Маплы посмеялись — не столько над самой историей, сколько над тем, как Ребекке удается изобразить выкрутасы своего спутника на контрасте со своей собственной скромностью. Они уже видели ее стоящей у дверцы такси и наблюдающей за спутником, который опускался все ниже, становился невольником собственной шутки, свивал пальцы в рожки, превращал пар у своих ног в пламя, отращивал копыта… Дар Ребекки, смекнул Ричард, был не в том, чтобы попадать в нелепые ситуации, а в умении изображать все, что она считает странным, в столкновении с собственным спокойствием. В ее изложении даже этот вечер мог предстать гротеском: «Мимо несутся галопом шестеро полицейских, а она как закричит: «Снег, снег!» и как начнет его тискать! Он в ответ твердит, что она больна, и накачивает нас хересом».

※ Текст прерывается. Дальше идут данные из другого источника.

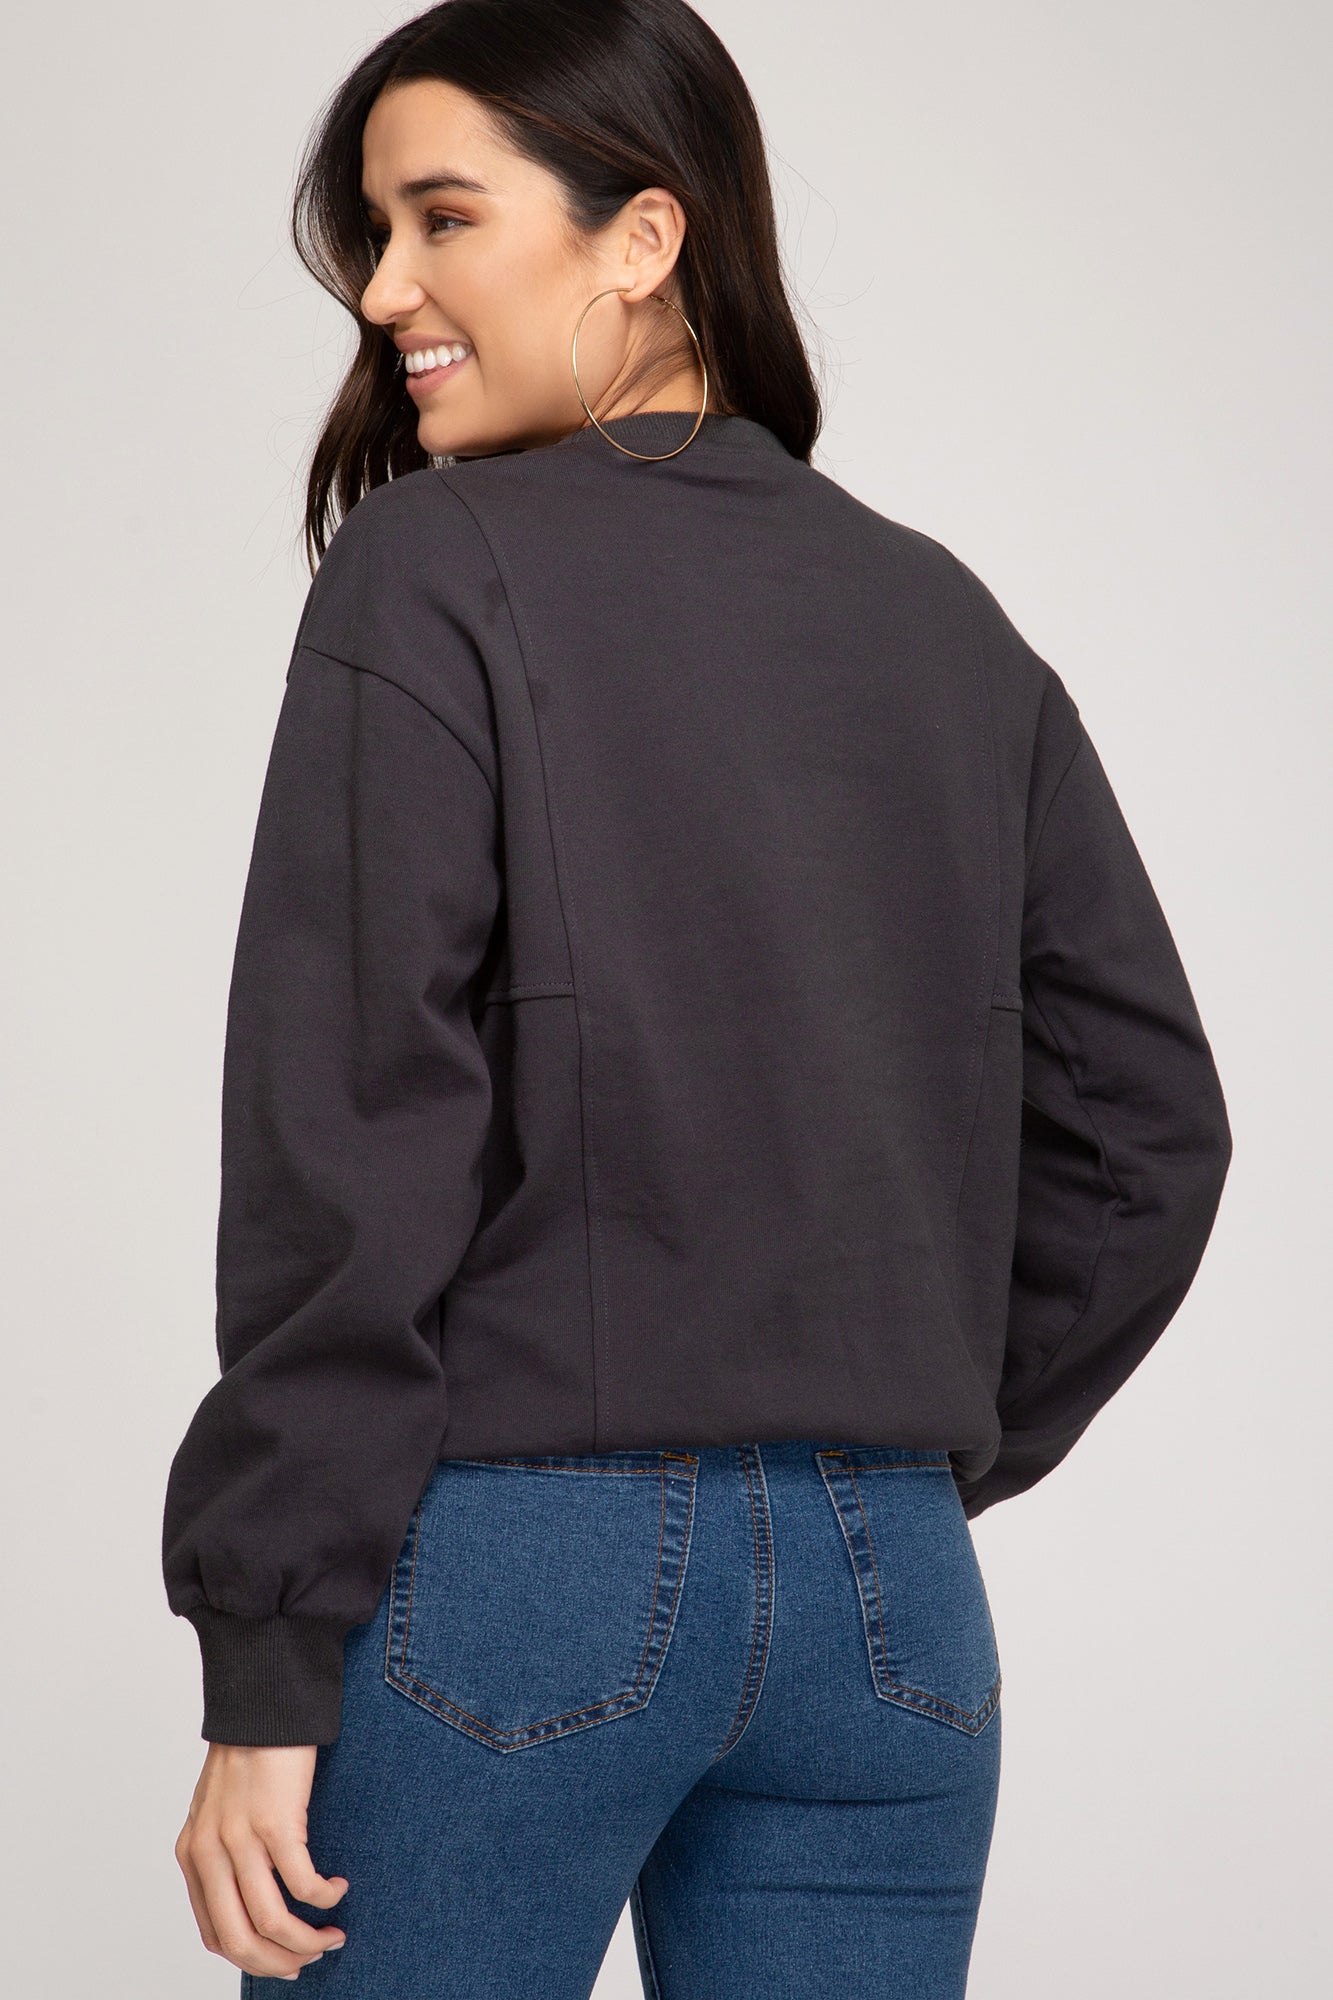 Long Sleeve Pullover In Charcoal
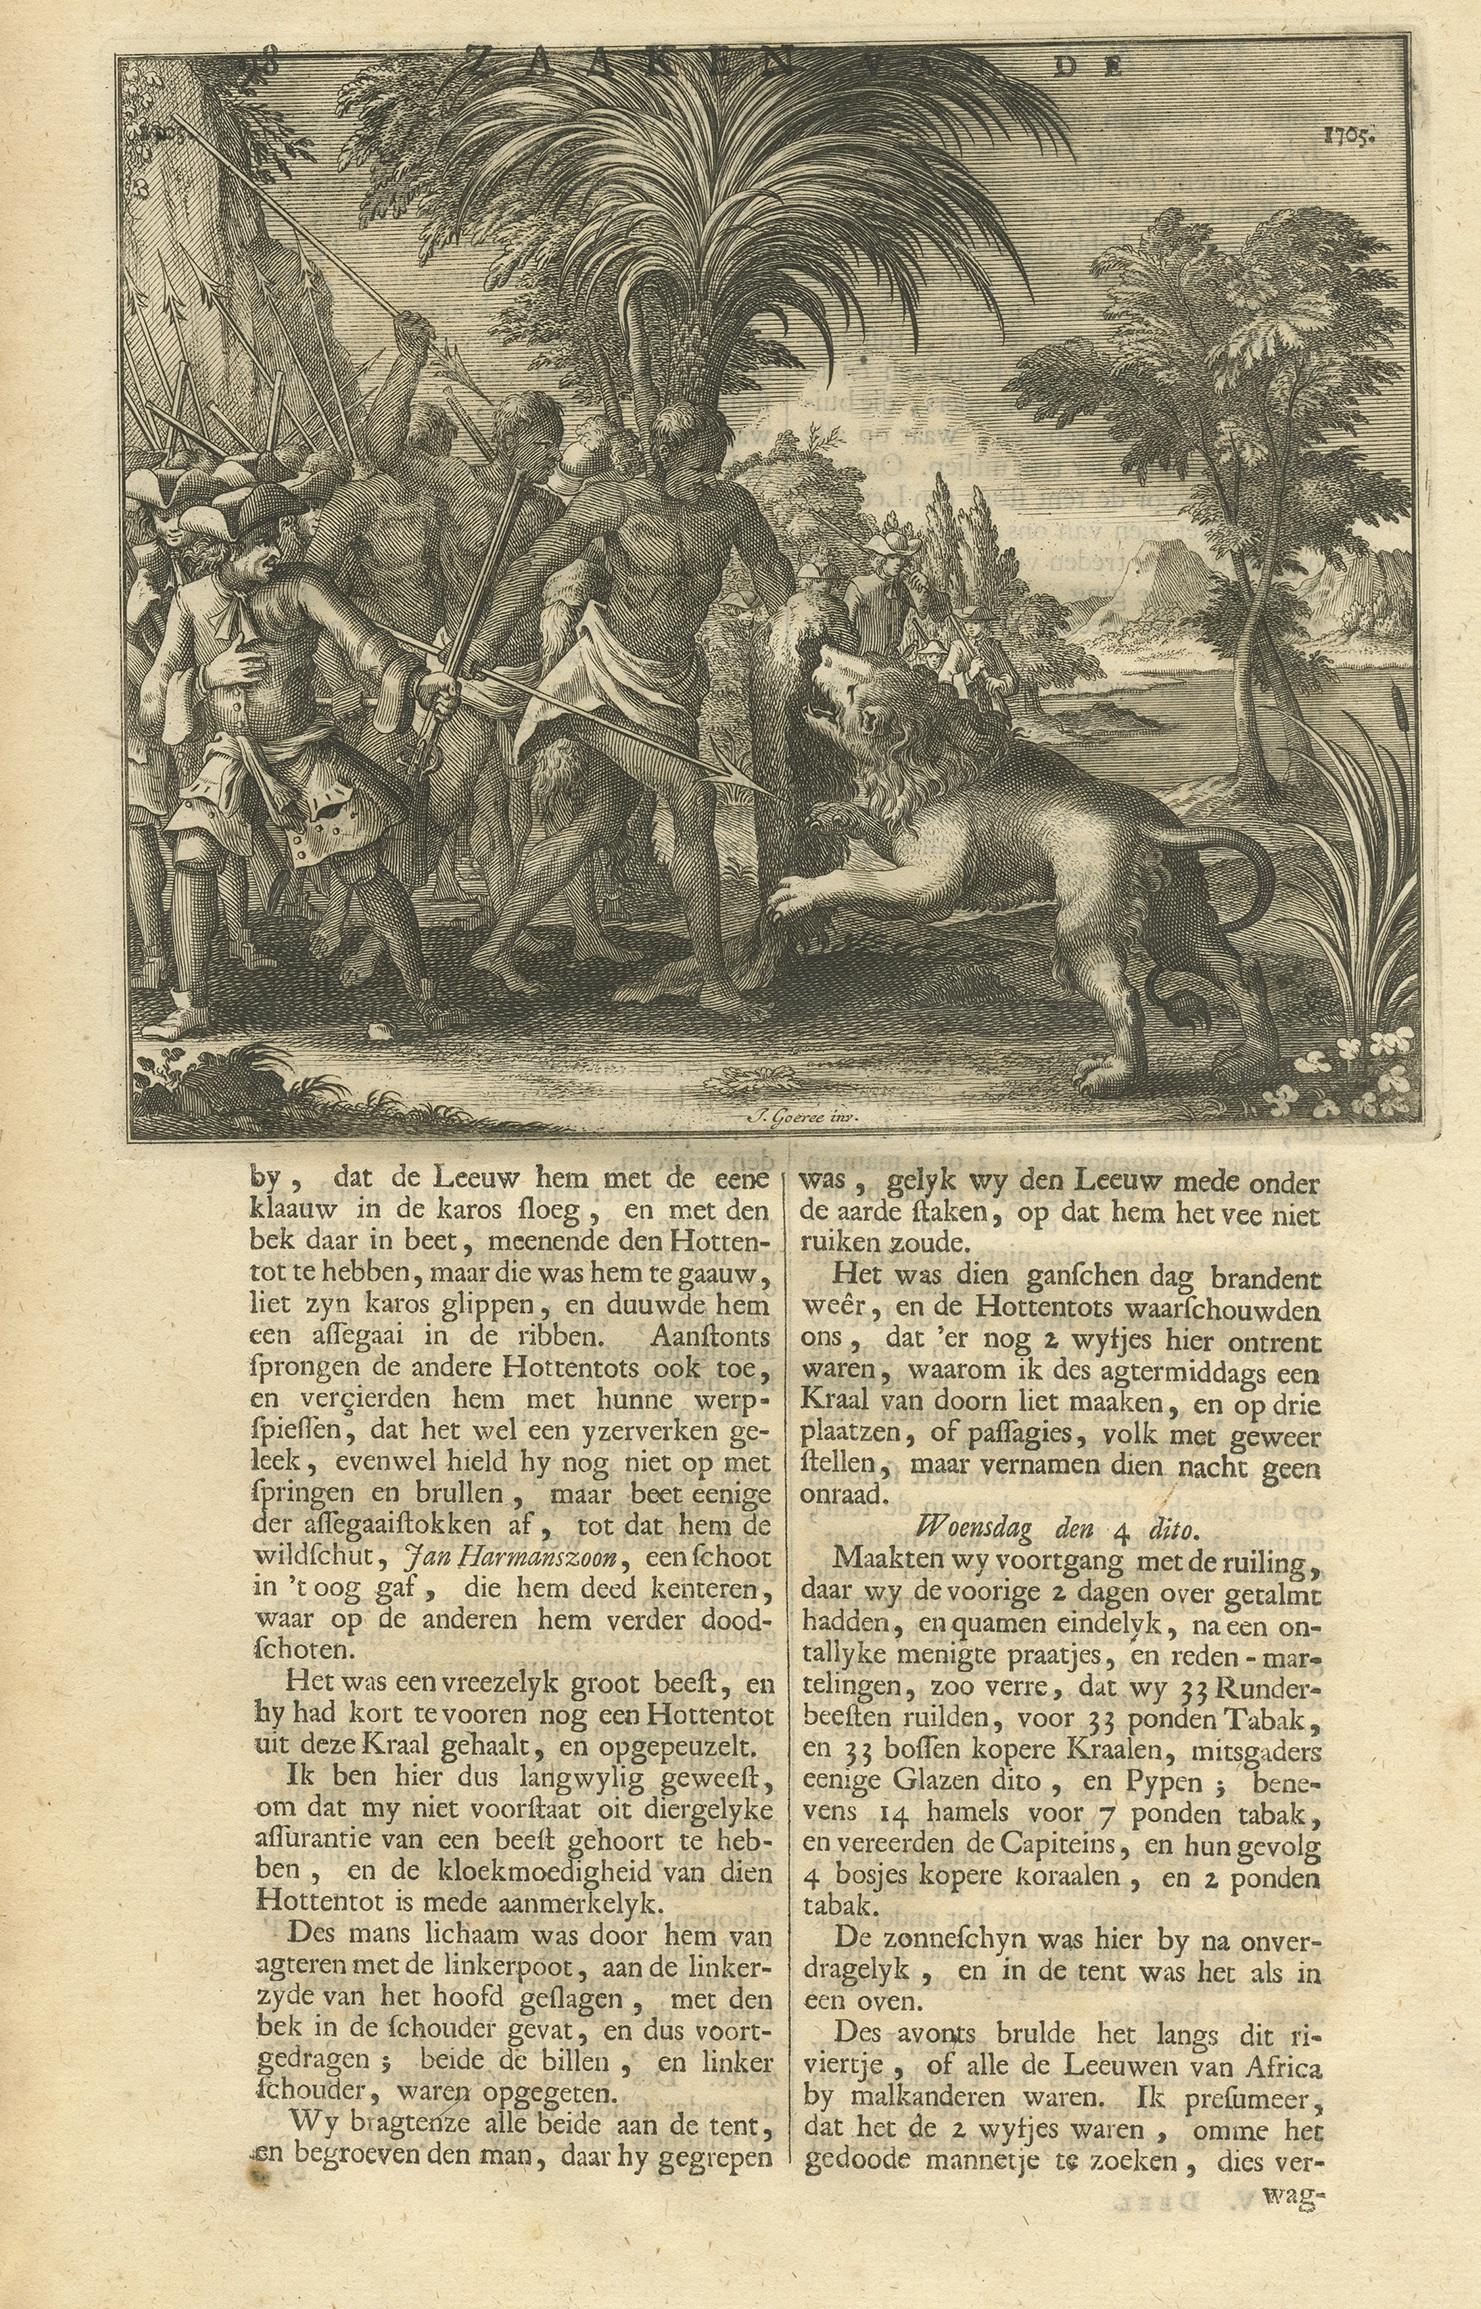 Untitled print depicting lion hunting in Africa. Text on verso. This print originates from 'Oud en Nieuw Oost-Indiën' by F. Valentijn.

— Что еще он выкидывал? — жадно спросила Джоан.
— Когда мы с ним в первый раз куда-то пошли — это был большой ночной клуб где-то на крыше, — он перед уходом оттуда уселся за пианино и играл, пока арфистка не попросила его перестать.
— Та женщина играла на арфе? — потребовал уточнения Ричард.
— Ну да, тренькала себе… — Ребекка пошевелила пальцами, словно перебирая струны.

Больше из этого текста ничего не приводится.